Gibt bei Erfolg TRUE zurück. Im Fehlerfall wird FALSE zurückgegeben.
Hinweis:
Diese Funktion benötigt MySQL 5.0.7 oder später.
Hinweis:
Dies ist der bevorzugte Weg zur Änderung des Zeichensatzes. Über mysql_query() SET NAMES ... auszuführen, wird nicht empfohlen.
Besides setting mysql_set_charset and adding utf8 setting metadata to html, another important but "unpredictable" reason is the encoding type of your PHP editor when saving. For example, if you save the php file other than encodings such as "unicode" or "ANSI", as i experienced, you may notice weird chars like squares, question marks etc.

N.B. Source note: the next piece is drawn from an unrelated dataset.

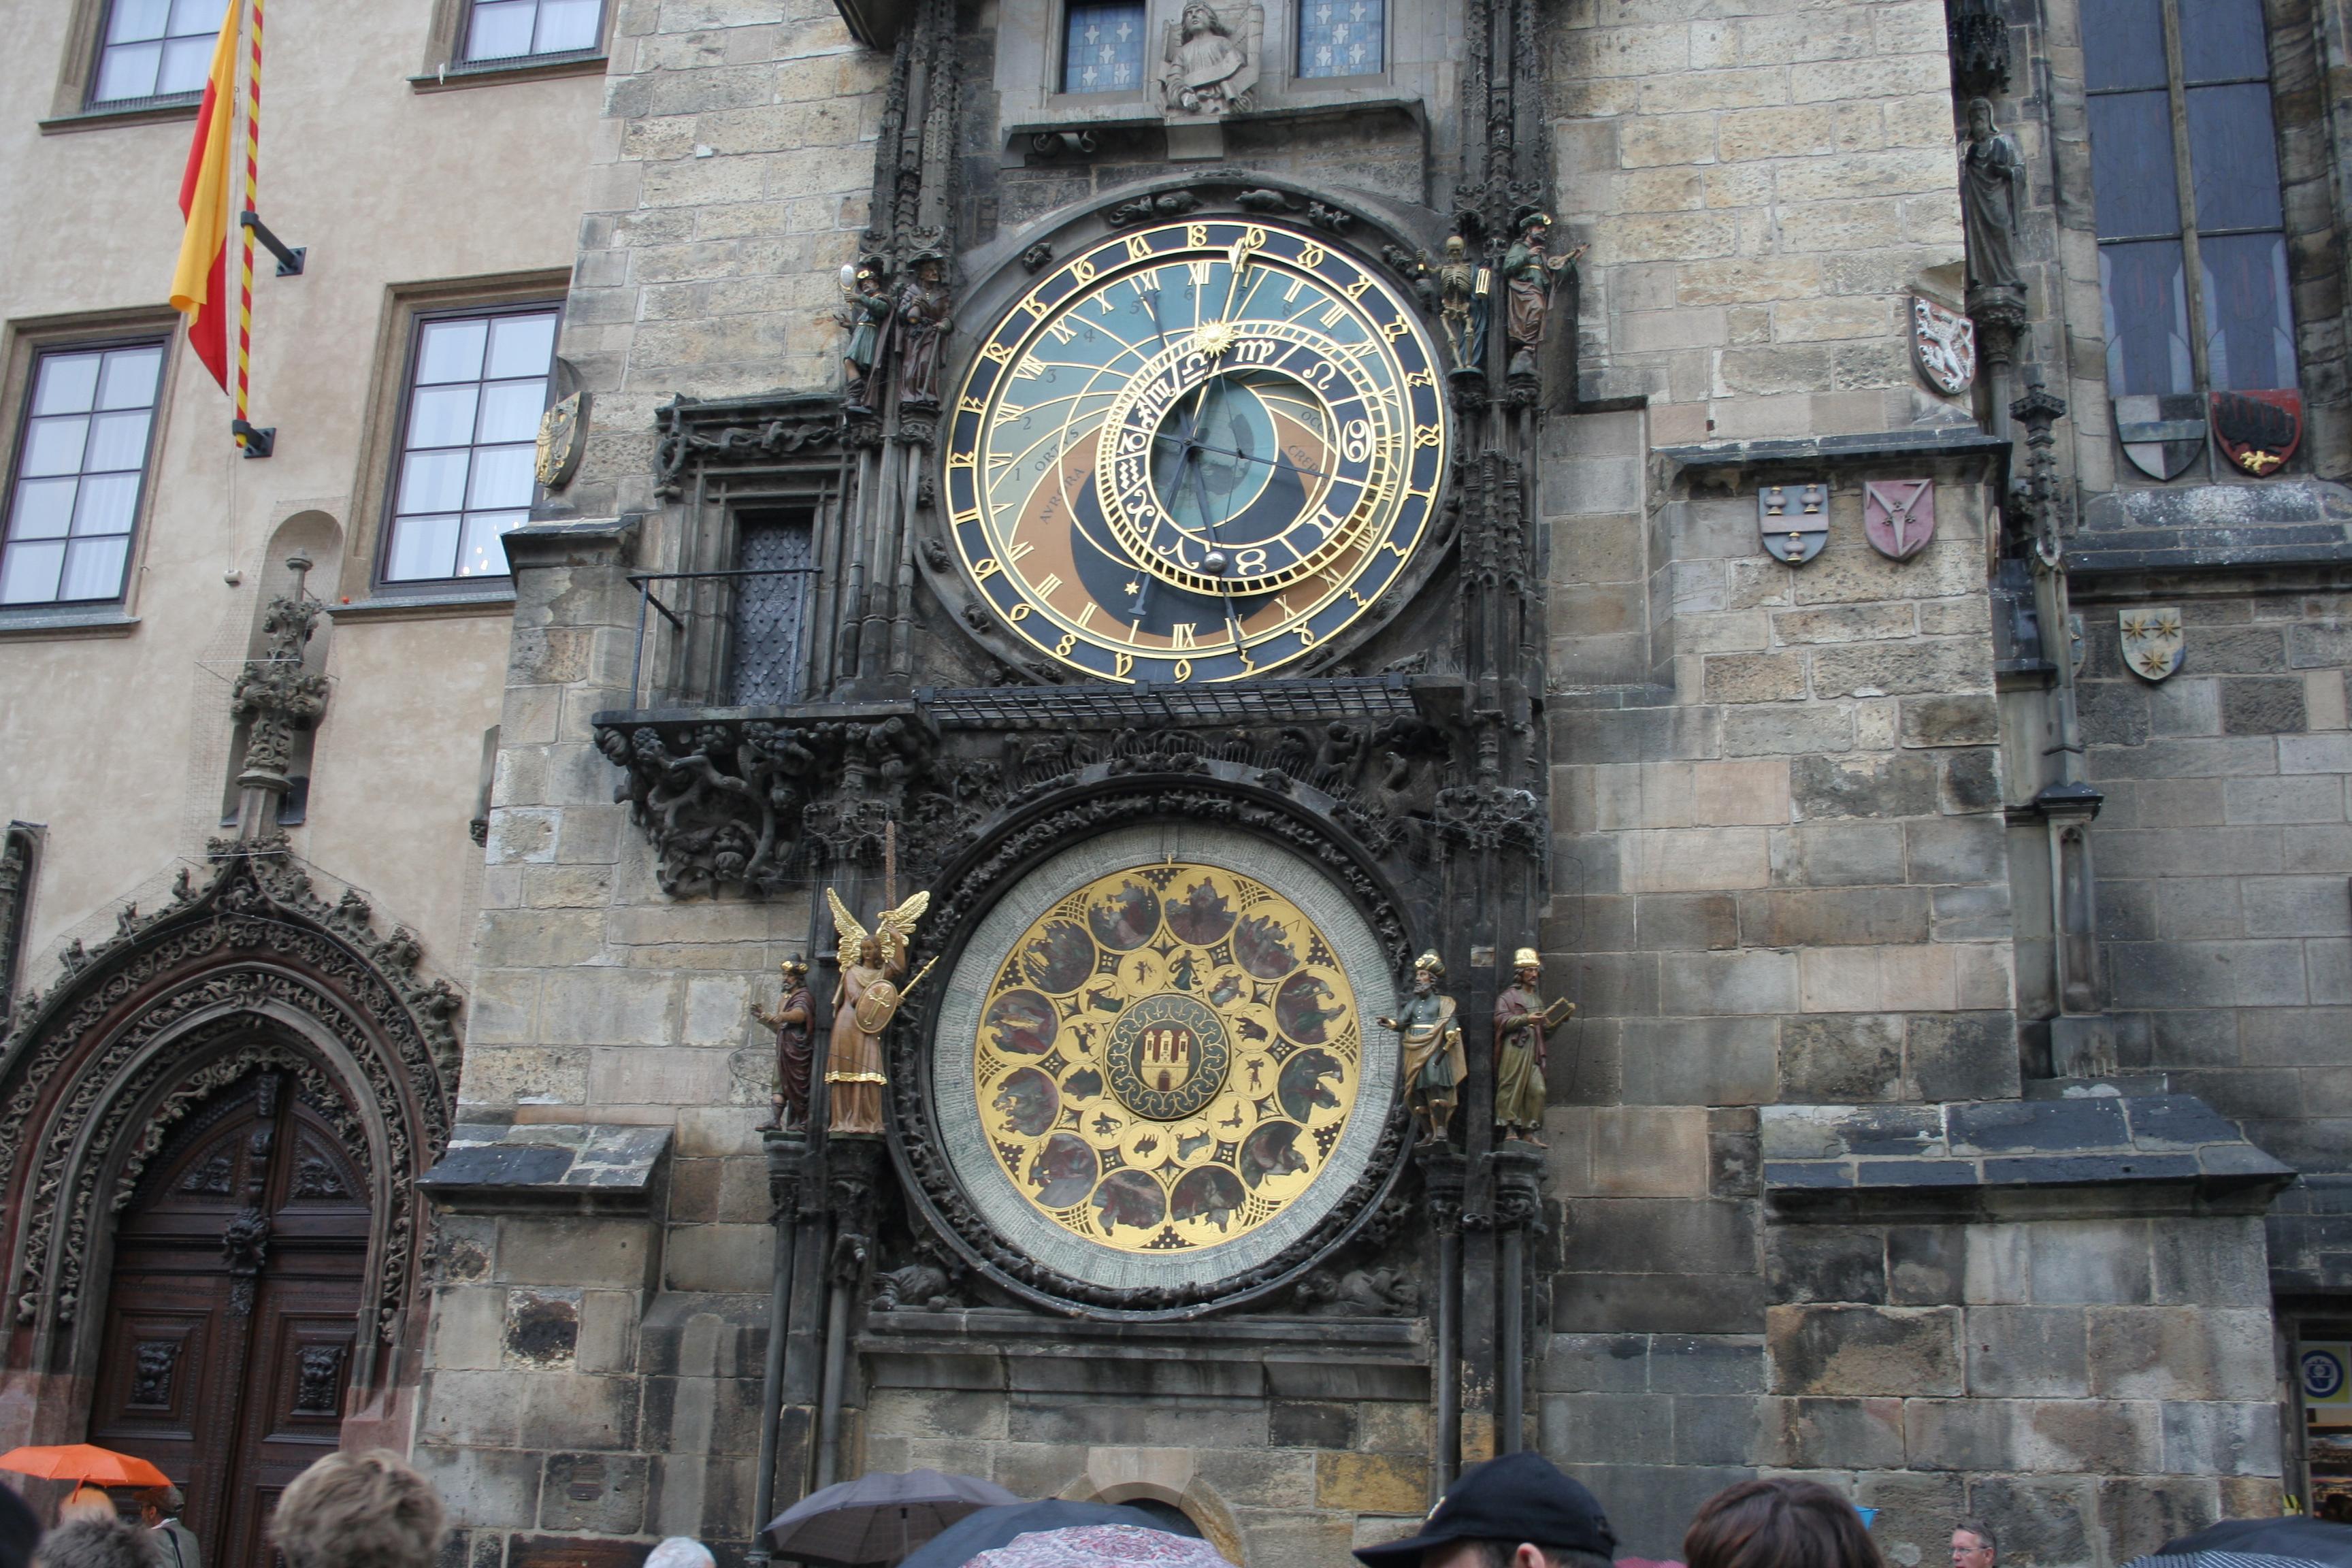 La autoría del reloj se ha atribuido a un viejo maestro relojero de nombre Mikulas.

To make sure, try "save as" method to see explictly that your php file is being saved as utf8.
Hope someone gets help from that, like Ronald stated previously.
Onur
Having just spent 24 hours banging my head against character sets, explicitly setting all my MySQL databases and tables to utf-8, using mysql_set_charset(), and *still* not solving my character display problems, I'll just remind you that htmlentities() now also takes an optional argument to specify the character set, and that *also* needs to be set to "utf-8" to avoid grief.
Be careful when working with multiple databases via the same user/host that you specify "true" as the fourth argument to mysql_connect(), otherwise when you call this function it will set both db connections to the same character set.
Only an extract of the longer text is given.